Technological Addictions

Technological addictions encompass a range of technology-mediated behaviors with the potential to develop excessive and problematic behaviors such as addiction to the Internet, cybersex, video games, social networks, and smartphones, among others (^{Ballester et al., 2020}). Technology-mediated addictions to the Internet, smartphones, video games, and cybersex are sustainable and relatively independent constructs, with Internet addiction being a common vector mediating technology-related behavioral addiction (^{Baggio et al., 2018}; ^{Derevensky et al., 2019}).

According to ^{Chóliz et al. (2016}), addictive behavior is a pathological dependence disorder characterized by loss of self-control, adversely affecting family, interpersonal, academic, and social relationships.

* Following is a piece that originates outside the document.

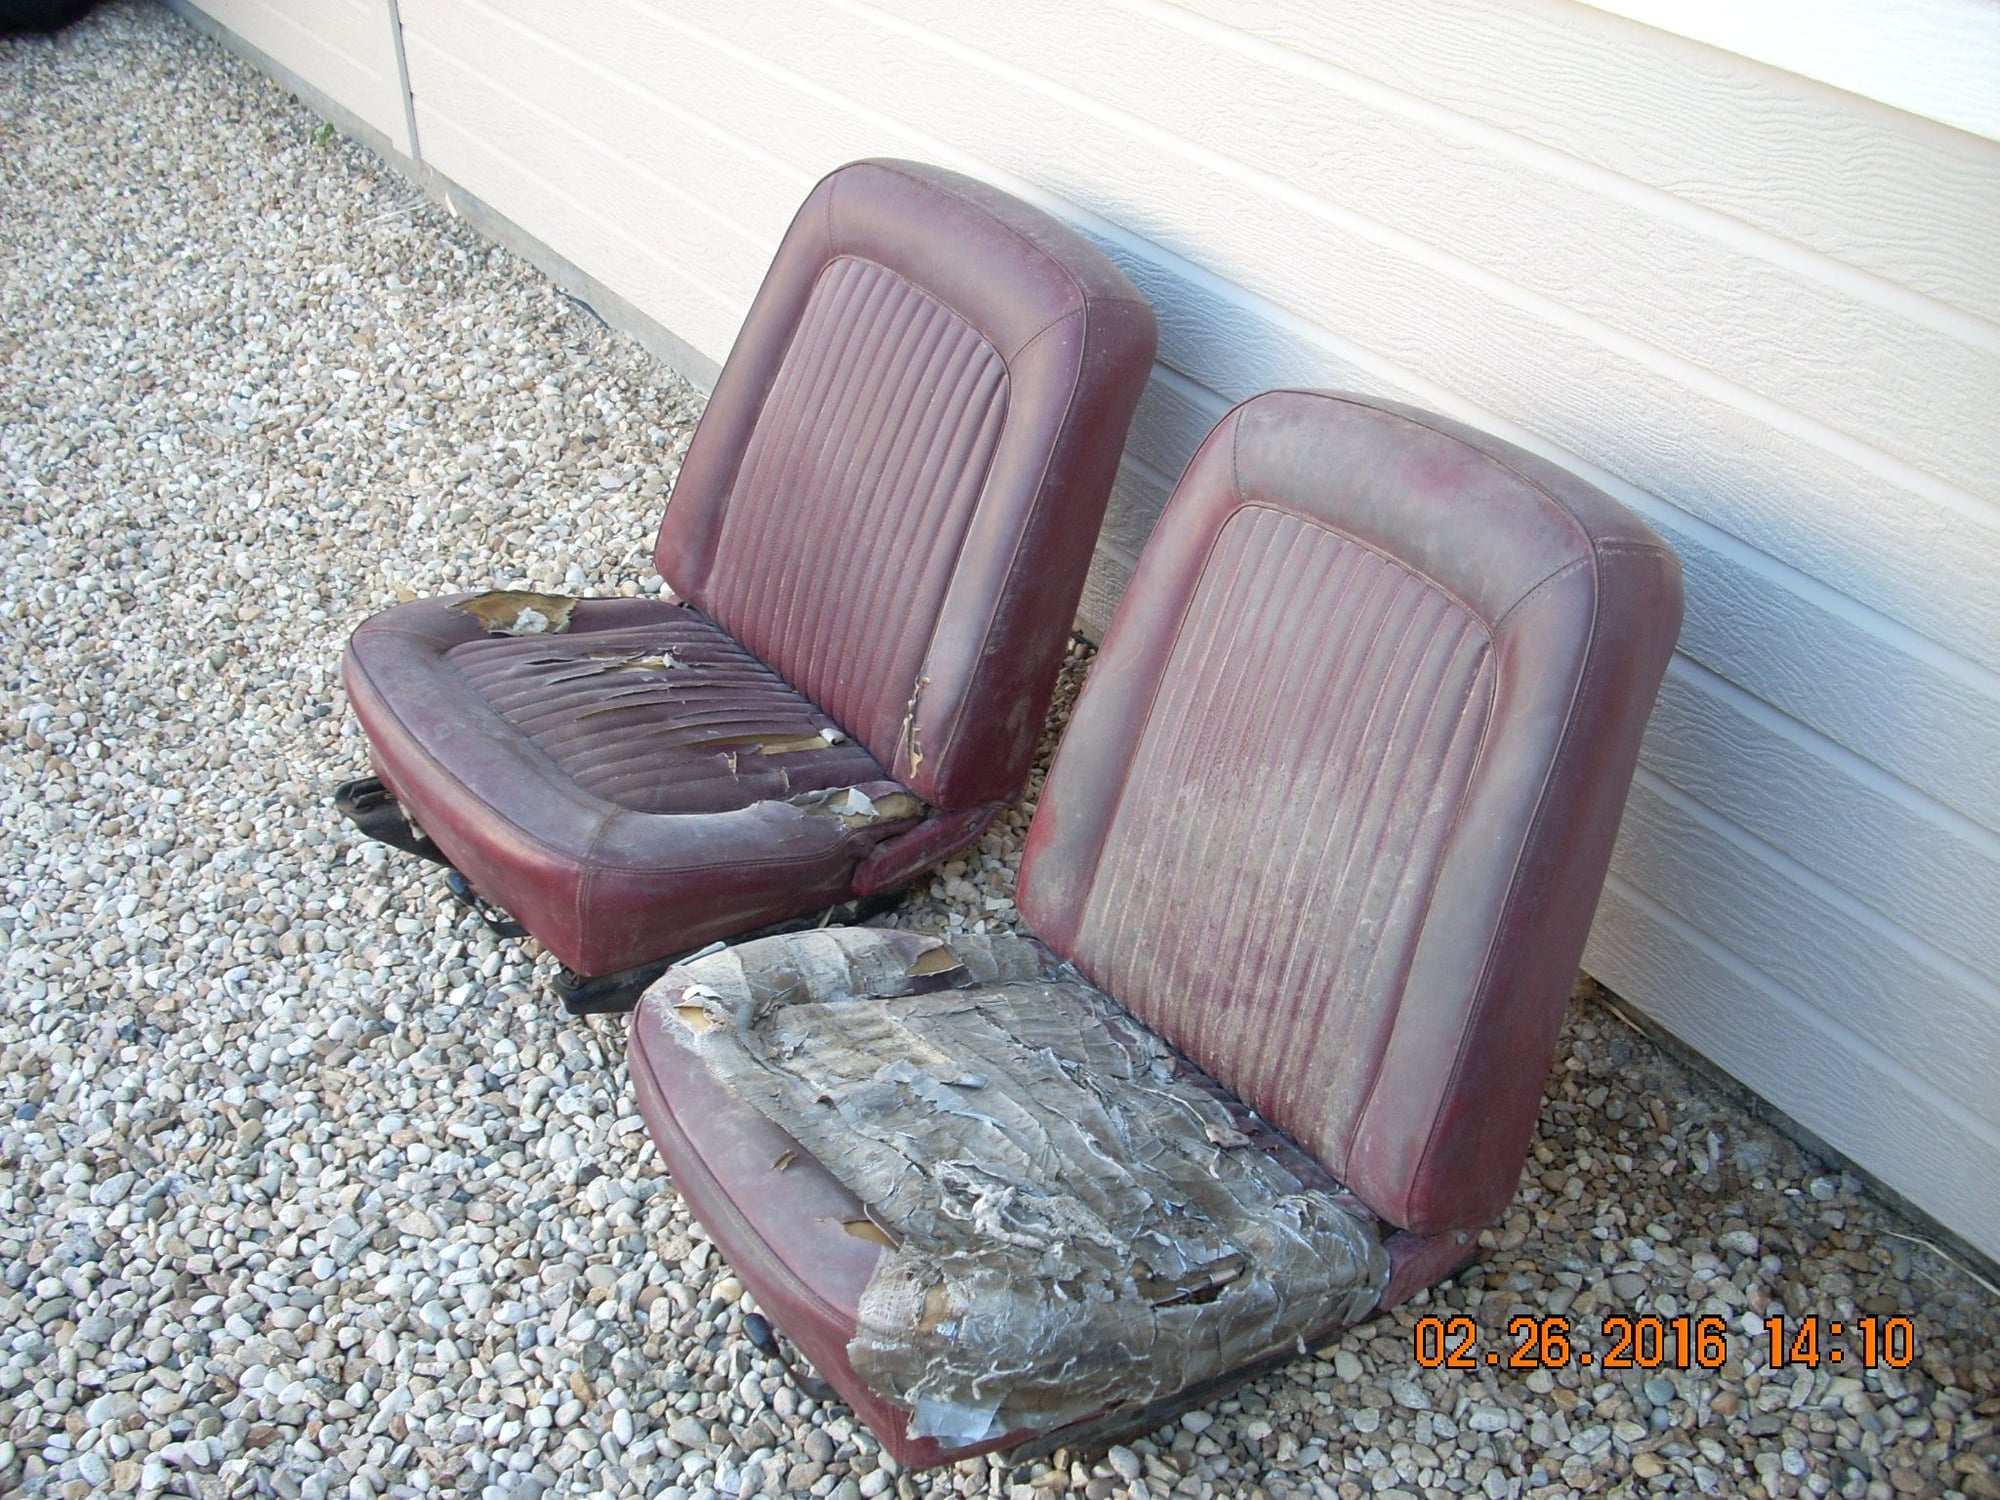 Interior/Upholstery - Bucket seats for 67-72 - Used - 1967 to 1972 Ford F-100 Ranger - Nampa, ID 83686, United States
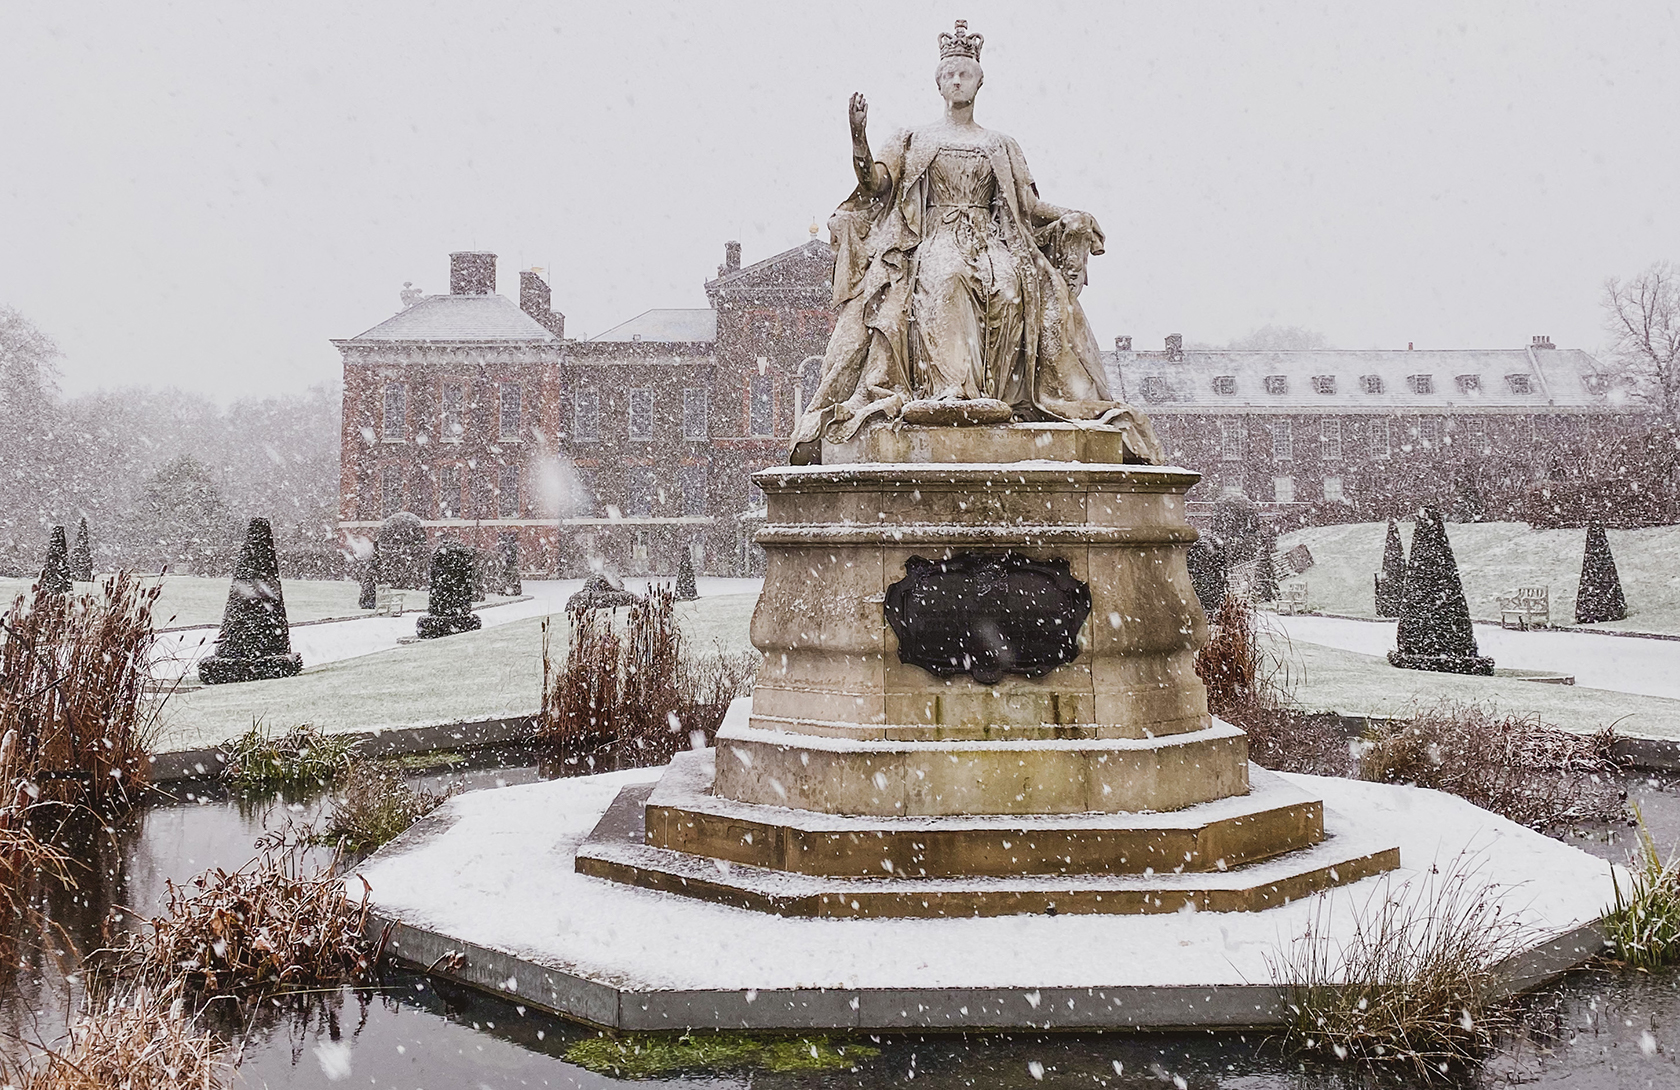 Kensington Palace in the snow

The Internet has revolutionized existence and marked a significant change since the pandemic. Although this new digital era has improved opportunities in education, commerce, communication, health, and social interaction, its excessive or uncontrolled use has led users to develop Internet addiction (IA) that manifests in the form of uncontrolled worries, impulses, or behaviors, leading to significant impairment accompanied by disturbance (^{Tahir et al., 2021}). ^{Young (1998}) characterized IA as a loss of control of use and the presence of a set of physiological, cognitive, and behavioral symptoms, i.e., a 'net-dependent' subject overuses the Internet with the consequent alteration of the subject's professional, personal, or family goals. Along the same lines, ^{Chóliz et al. (2016}) pointed out that the characteristic pattern of Internet addiction is associated with the presence of abuse, withdrawal, maladjustment with loss of control, and escape.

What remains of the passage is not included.